KEYWORDS (MeSH terms): COVID-19, Intensive care units, Mortality
AUTHORS’ KEYWORDS: Coronavirus disease 2019, Intensive care center, Cortisol
INTRODUCTION
The new virus infection that first appeared in Wuhan, China, at the end of December 2019 spread to most countries across the world, causing a global pandemic. In February 2020, the World Health Organization (WHO) named the virus severe acute respiratory syndrome-coronavirus-2 (SARS-CoV-2) and the associated infectious disease, novel coronavirus 2019 (COVID-19).1
Acute stress from critical illness increases serum cortisol levels via activation of the hypothalamic-pituitary-adrenal (HPA) axis.2,3,4 This is the body’s adaptive survival mechanism. SARS-CoV-2 enters pneumocytes using the host’s angiotensin-converting enzyme 2 (ACE2) receptors. This enzyme is also found in the arterial and venous endothelial cells of several endocrine organs, including the adrenals.5,6,7 Therefore, the HPA axis may be affected during the course of SARS-CoV-2 infection.
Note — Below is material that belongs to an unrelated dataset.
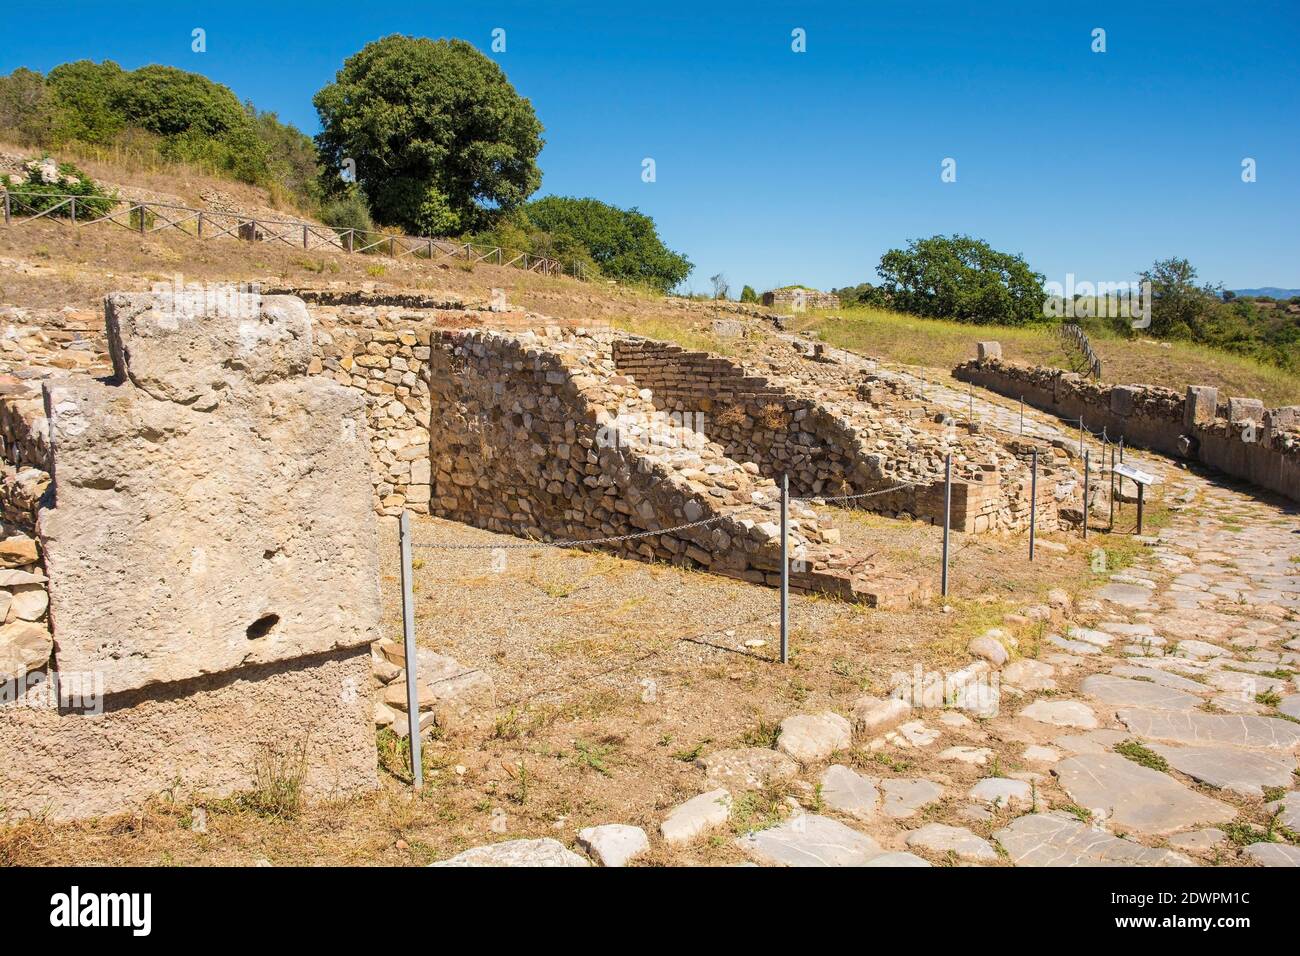 Grosseto, Italy - September 4th 2020. The ruins of Roman era workshops in Roselle or Rusellae, an ancient Etruscan and Roman city in Tuscany Stock Photo
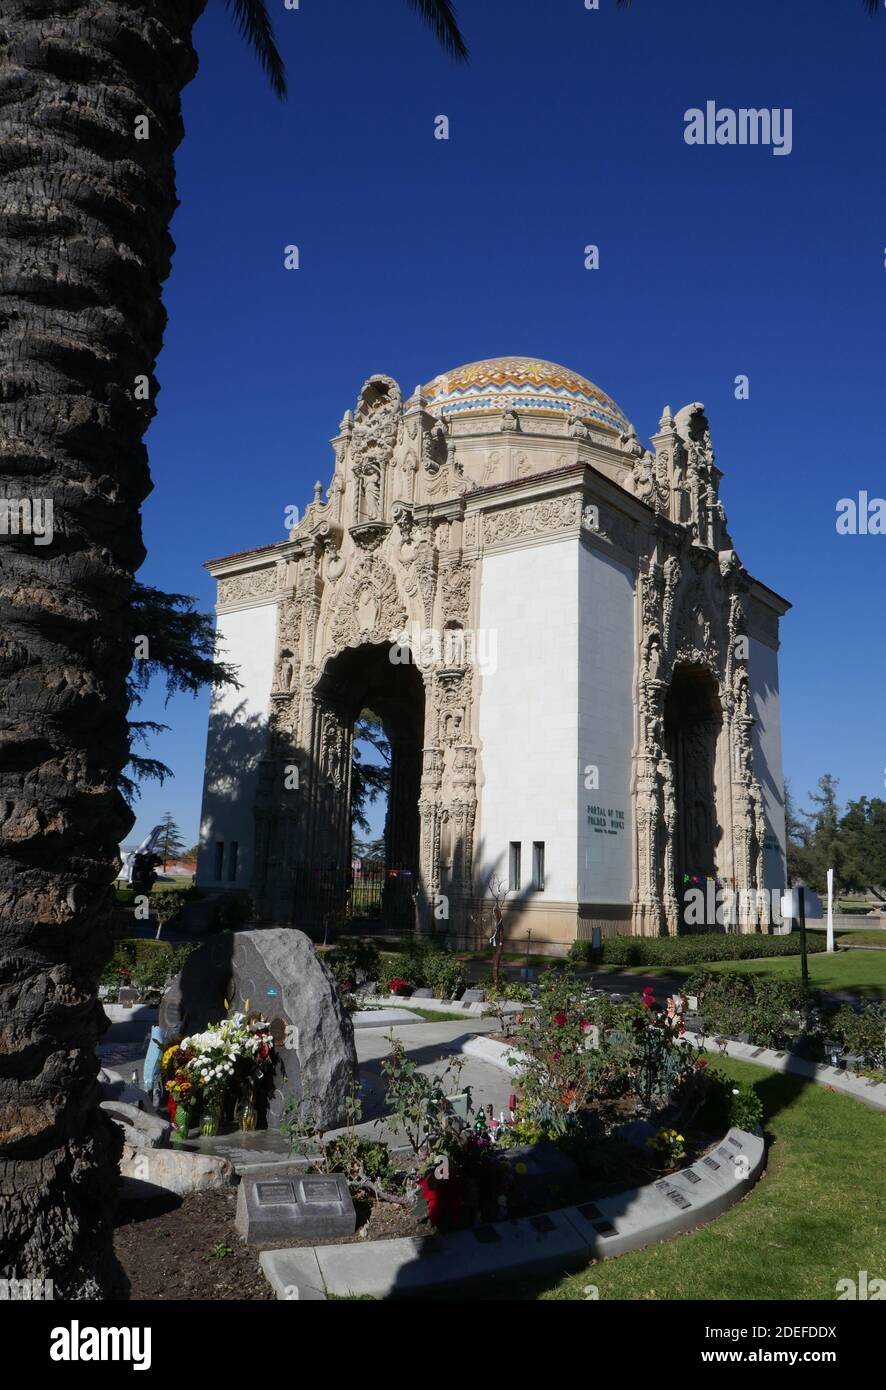 North Hollywood, California, USA 30th November 2020 A general view of atmosphere of Jon-Erik Hexum's Cenotaph and Memorial on November 30, 2020 at Valhalla Memorial Park in North Hollywood, California, USA. Photo by Barry King/Alamy Stock Photo Stock Photo

The relationship between cortisol release caused by COVID-19 and mortality in the intensive care unit (ICU) is yet to be adequately studied.
OBJECTIVE
The present prospective study was designed with the aim of investigating the relationship between mortality and serum total cortisol levels, measured in a sample collected from COVID-19 patients on the first morning of admission to the ICU of the hospital.
METHODS
This prospective study was conducted among 285 patients hospitalized in the ICU of the Şırnak State Hospital (a pandemic hospital in Turkey), over the period from March 15, 2020, to August 15, 2020. Group 1 included 141 COVID-19-negative patients, and group 2 comprised 144 COVID-19-positive patients.
The study protocol was approved by the Clinical Research Ethics Committee of the Health Sciences University Gazi Yaşargil Training and Research Hospital (Diyarbakır, Turkey) (September 11, 2020; number: 546).
COVID-19 positivity was based on positive results from real-time reverse transcriptase polymerase chain reaction (RT-PCR) tests on nasopharyngeal and oropharyngeal swabs, or on the presence of strong clinical and radiological signs, even in cases in which the swab result was negative.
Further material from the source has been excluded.